[Data shown Boundary: Start]
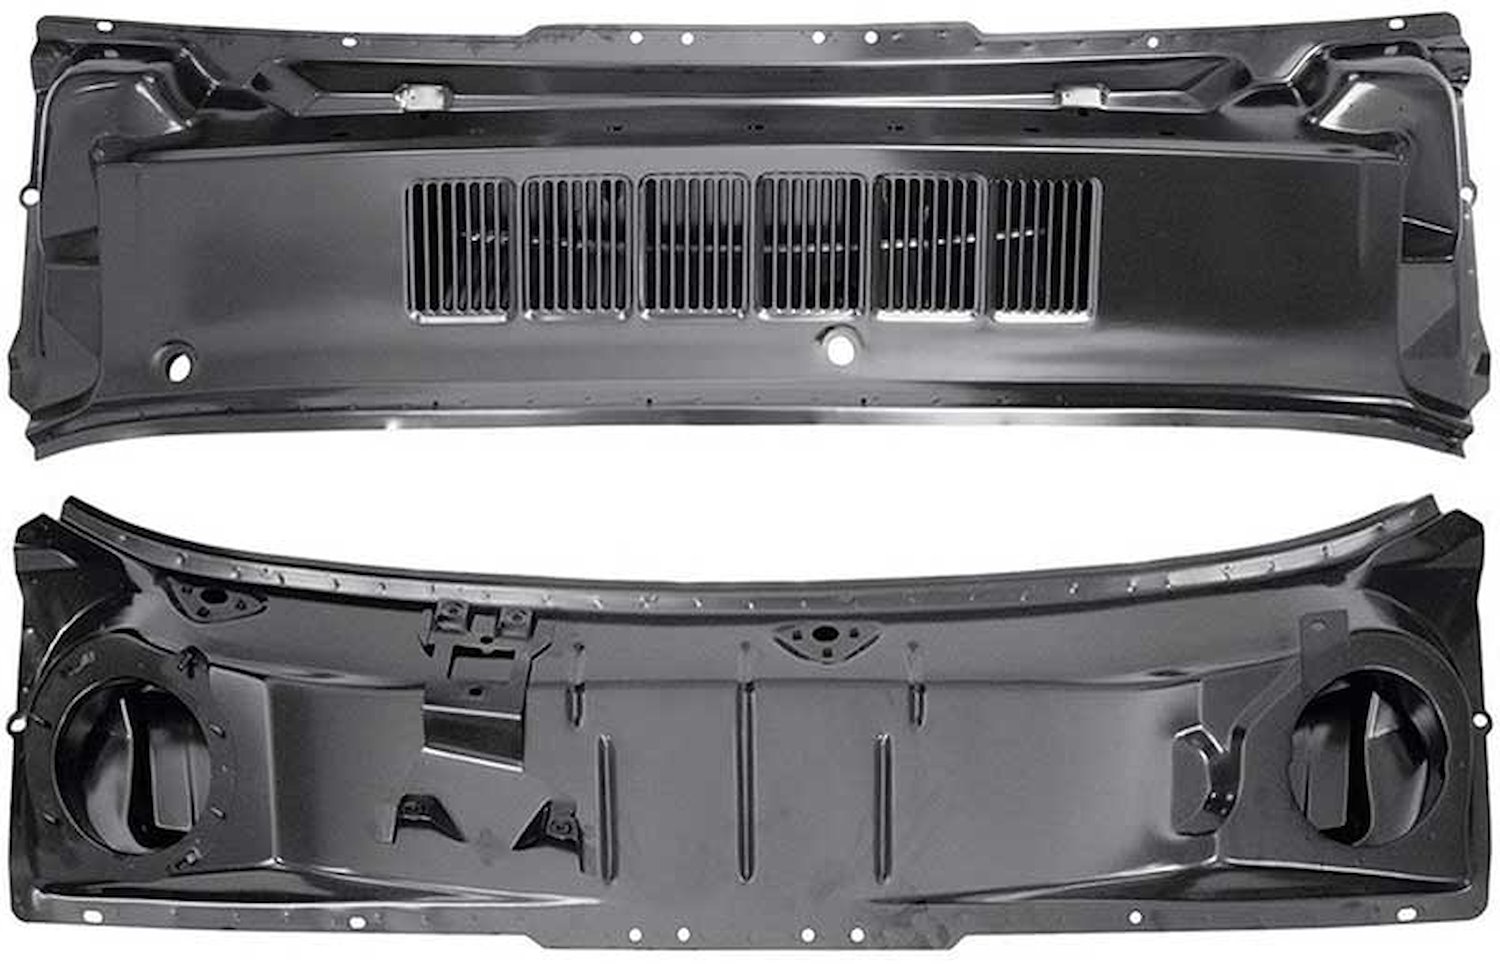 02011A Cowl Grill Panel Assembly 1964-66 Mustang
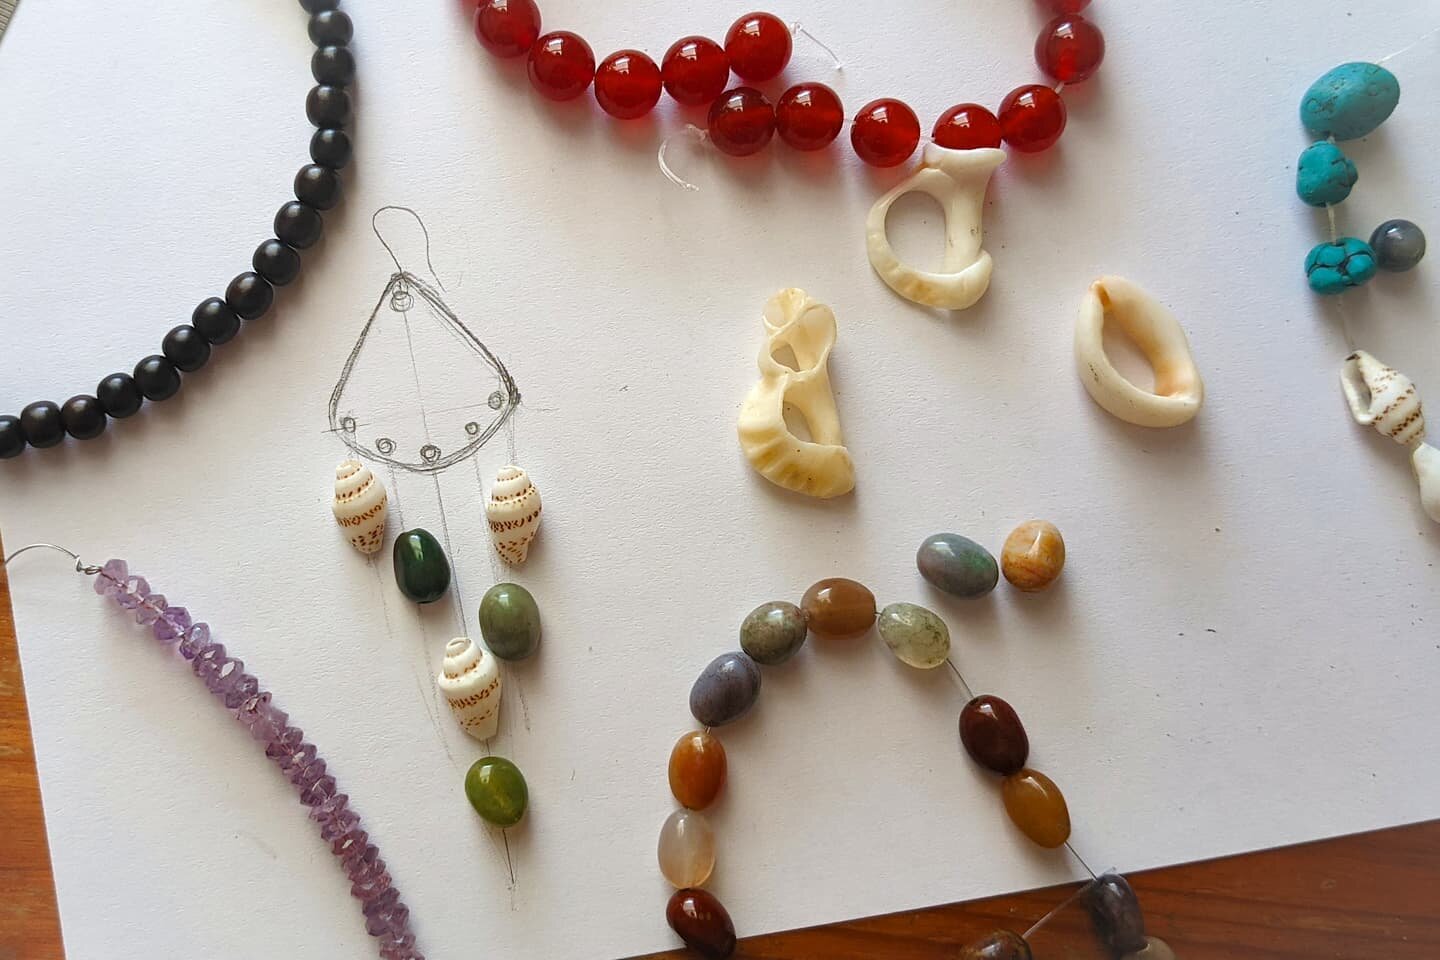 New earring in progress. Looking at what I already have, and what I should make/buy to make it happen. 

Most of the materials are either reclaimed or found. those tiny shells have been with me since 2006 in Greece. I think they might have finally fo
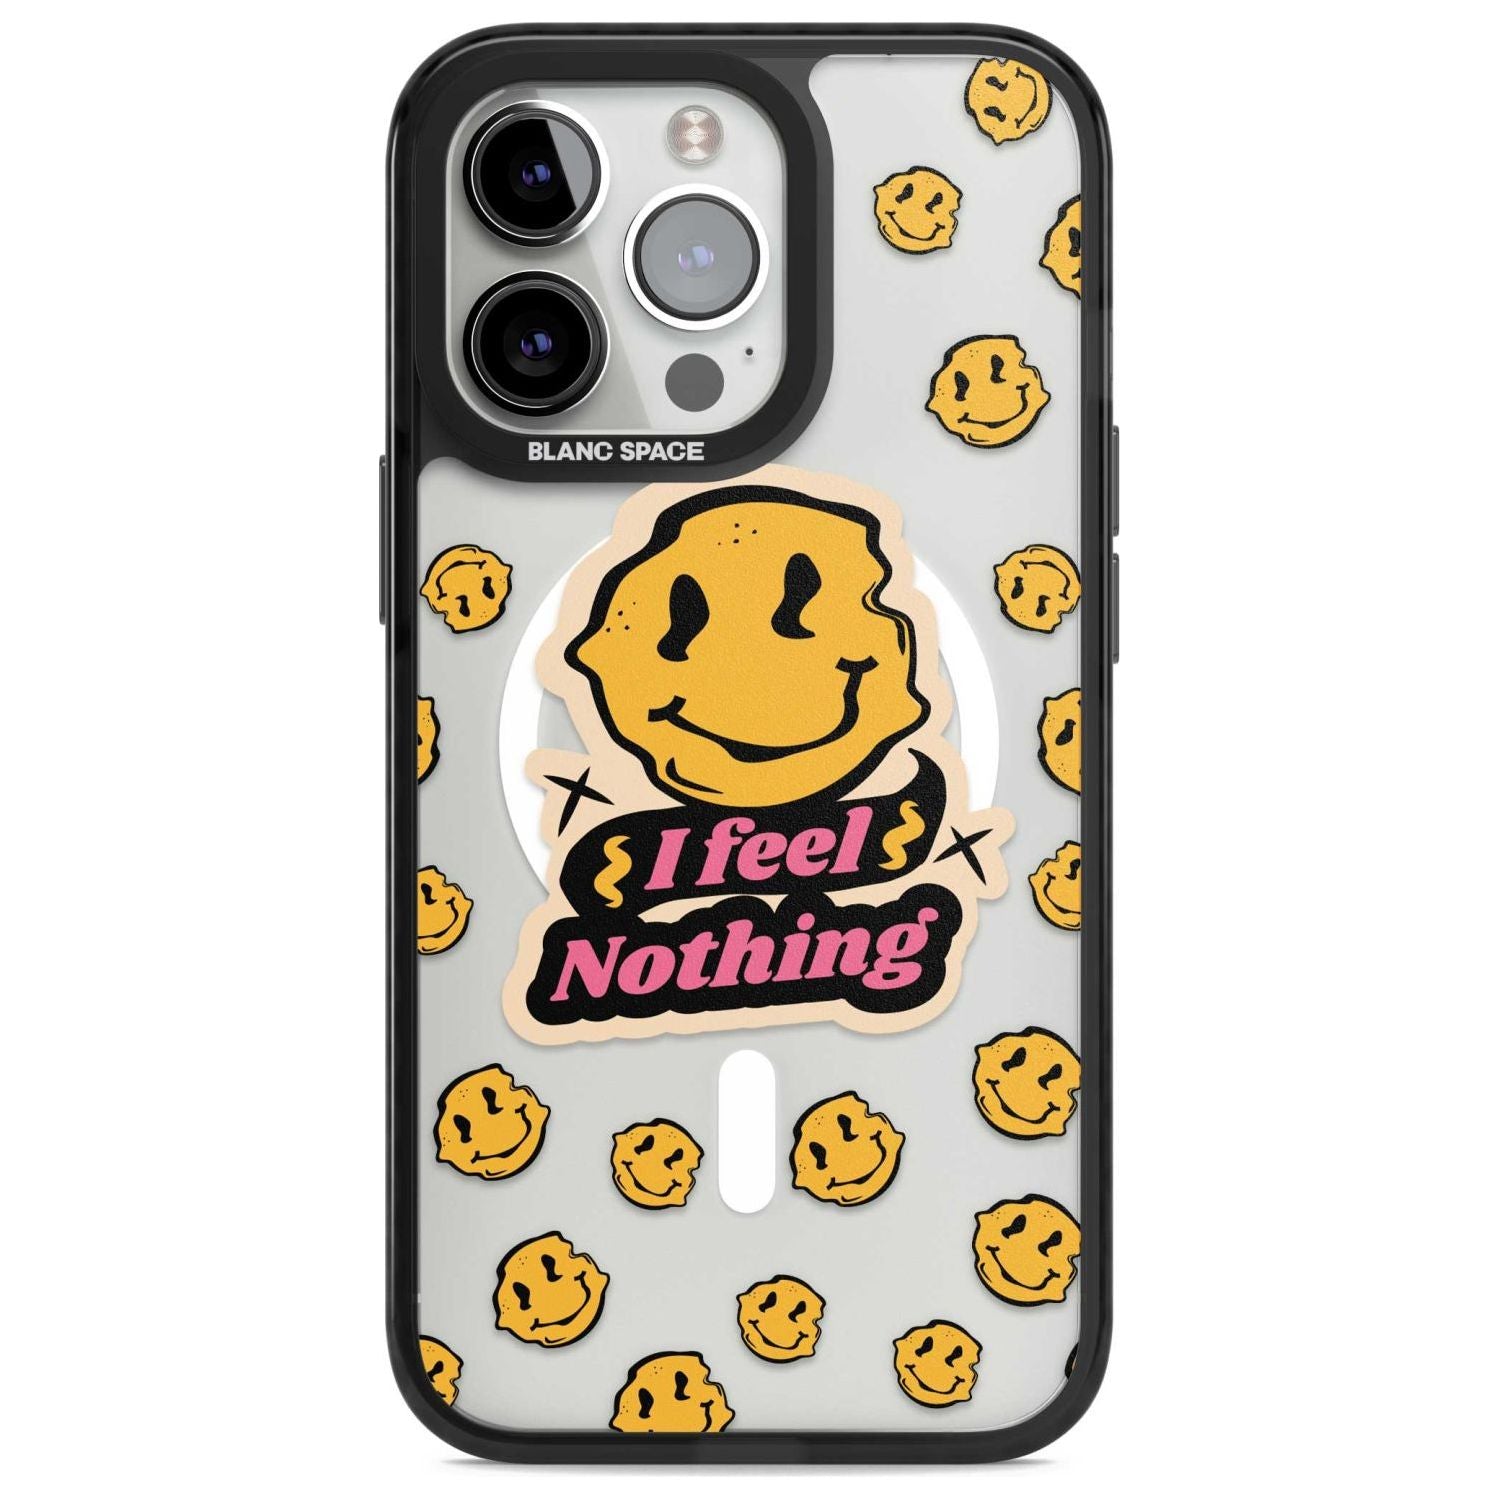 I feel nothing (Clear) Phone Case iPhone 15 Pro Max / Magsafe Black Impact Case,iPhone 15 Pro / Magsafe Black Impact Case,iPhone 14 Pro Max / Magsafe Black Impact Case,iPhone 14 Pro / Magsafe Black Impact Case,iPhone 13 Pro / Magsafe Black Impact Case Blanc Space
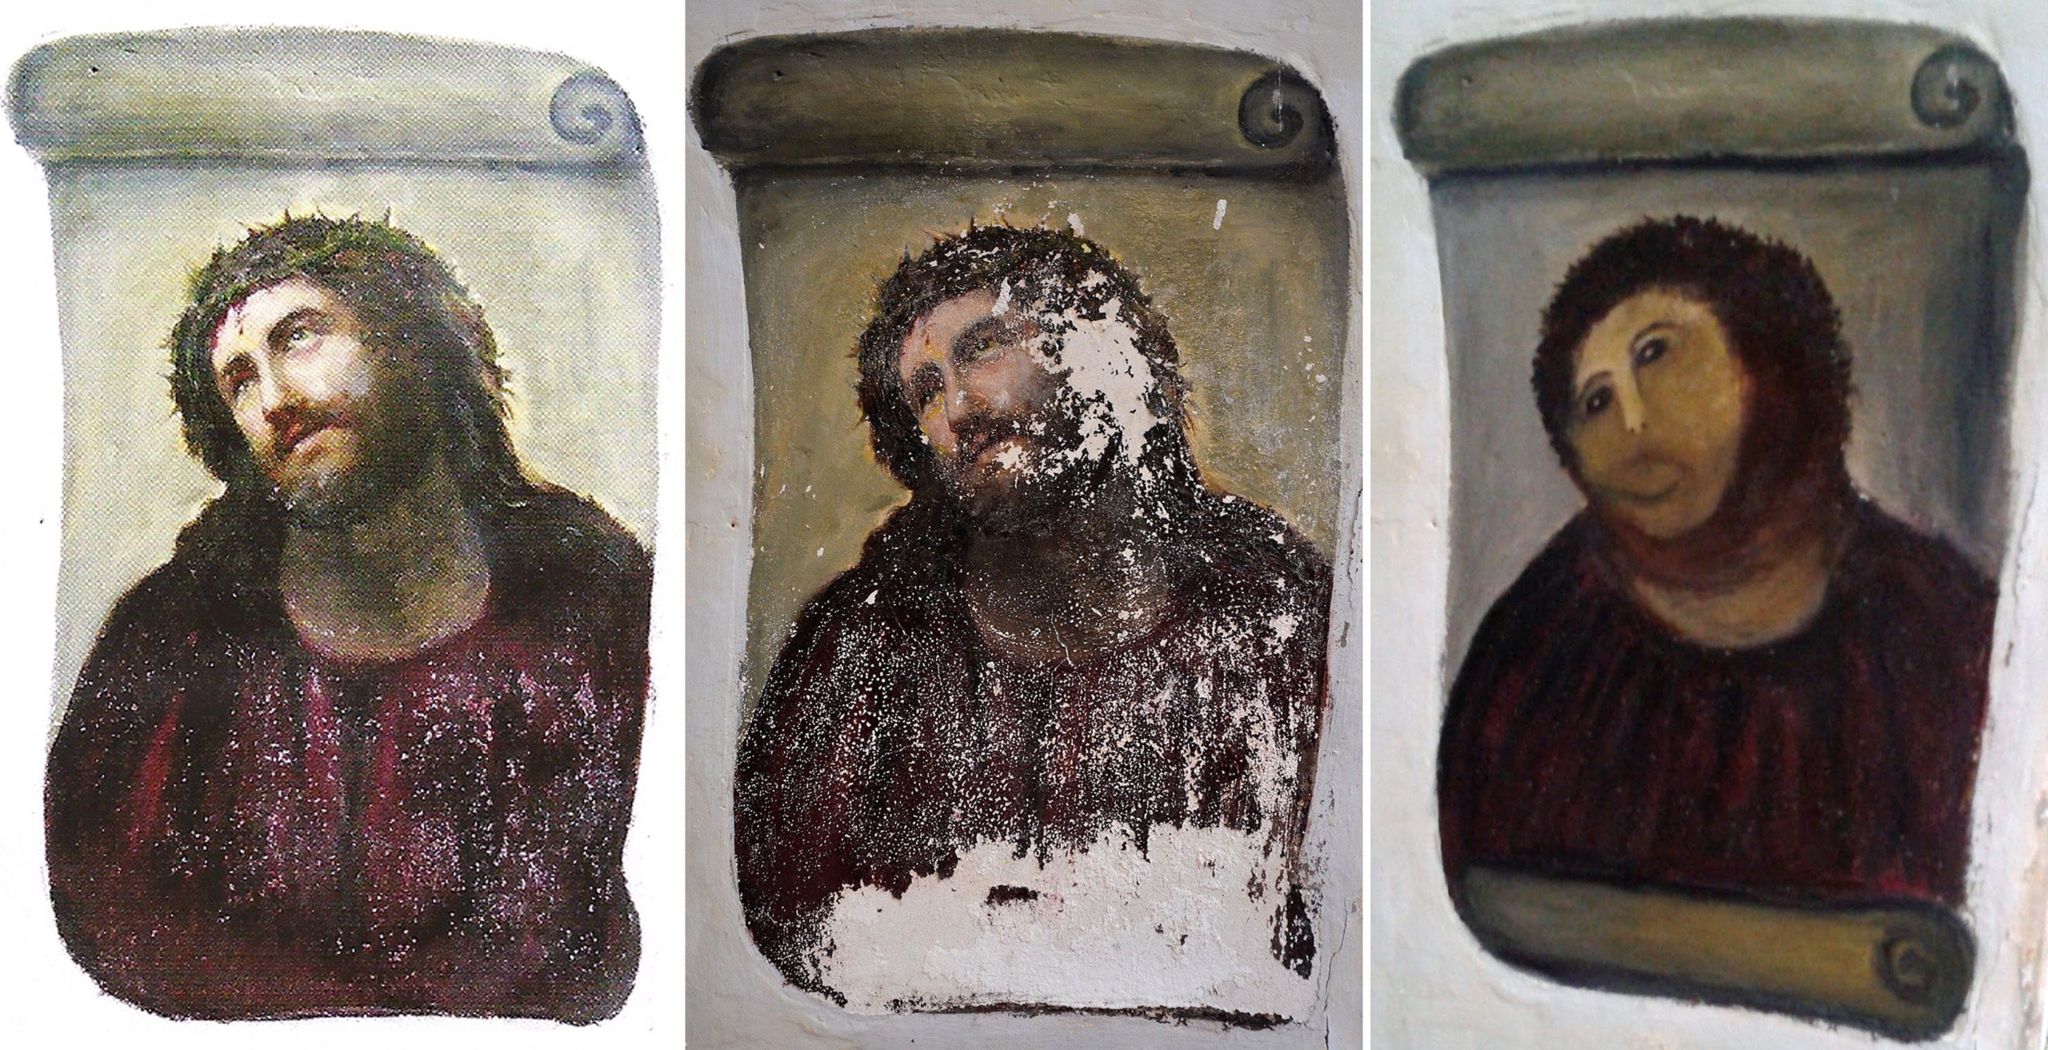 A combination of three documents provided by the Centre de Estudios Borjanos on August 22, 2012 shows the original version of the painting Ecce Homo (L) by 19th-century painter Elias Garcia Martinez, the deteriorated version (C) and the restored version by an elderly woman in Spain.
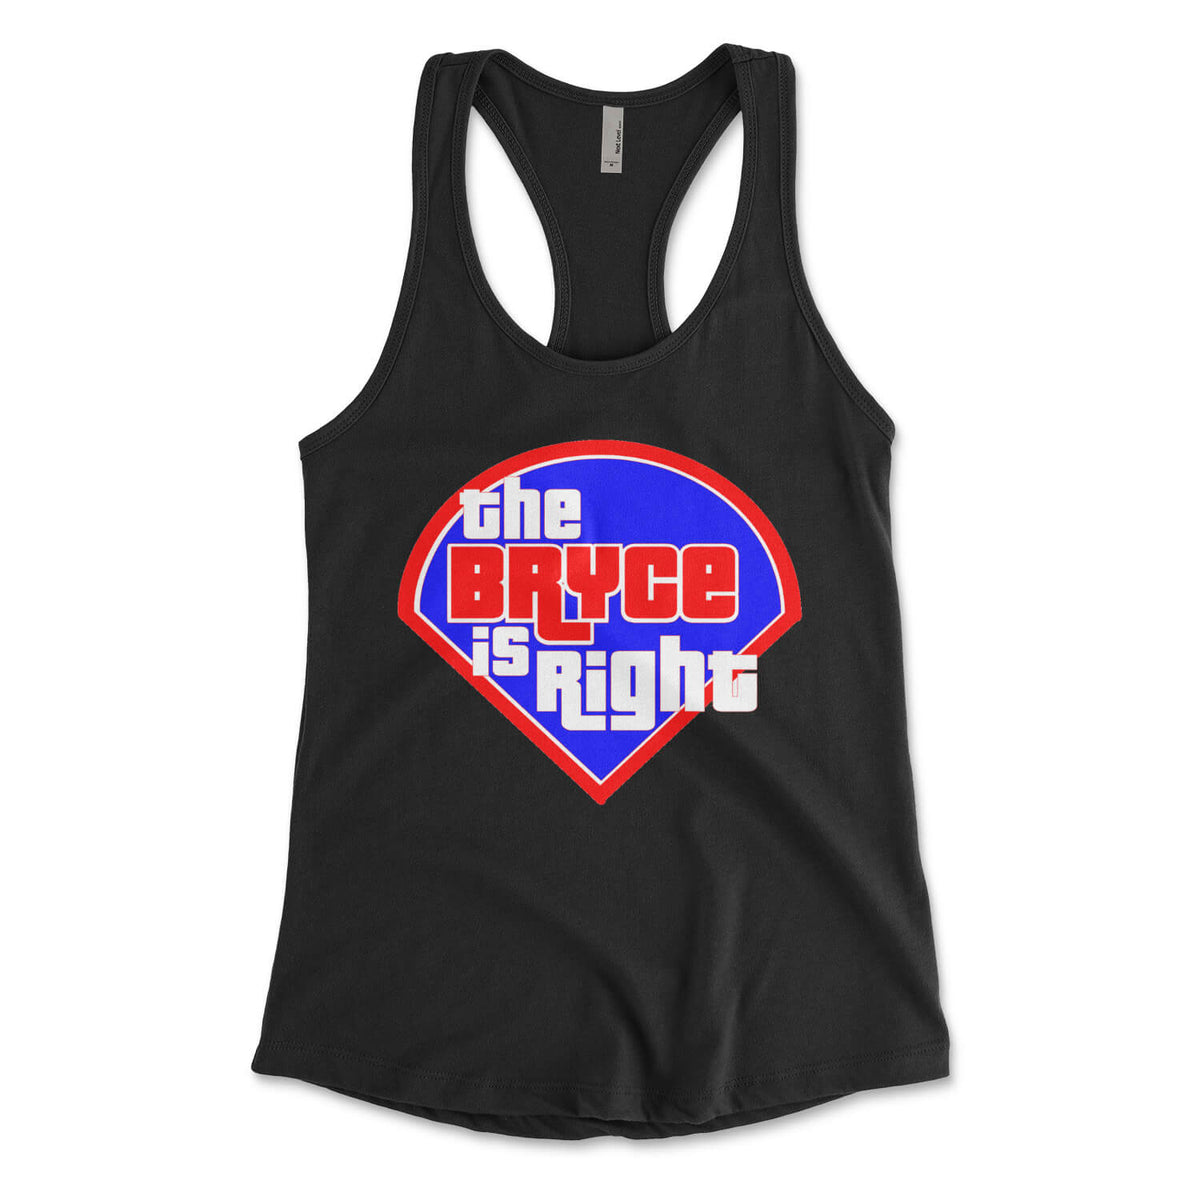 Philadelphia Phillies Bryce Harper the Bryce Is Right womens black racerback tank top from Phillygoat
[Data shown Boundary: End]
== Exercise directions ==
Excluding the pictures, output every entry above without alteration.

== Reply ==
 02011A Cowl Grill Panel Assembly 1964-66 Mustang
 New earring in progress. Looking at what I already have, and what I should make/buy to make it happen. 

Most of the materials are either reclaimed or found. those tiny shells have been with me since 2006 in Greece. I think they might have finally fo
 I feel nothing (Clear) Phone Case iPhone 15 Pro Max / Magsafe Black Impact Case,iPhone 15 Pro / Magsafe Black Impact Case,iPhone 14 Pro Max / Magsafe Black Impact Case,iPhone 14 Pro / Magsafe Black Impact Case,iPhone 13 Pro / Magsafe Black Impact Case Blanc Space
 A combination of three documents provided by the Centre de Estudios Borjanos on August 22, 2012 shows the original version of the painting Ecce Homo (L) by 19th-century painter Elias Garcia Martinez, the deteriorated version (C) and the restored version by an elderly woman in Spain.
 Philadelphia Phillies Bryce Harper the Bryce Is Right womens black racerback tank top from Phillygoat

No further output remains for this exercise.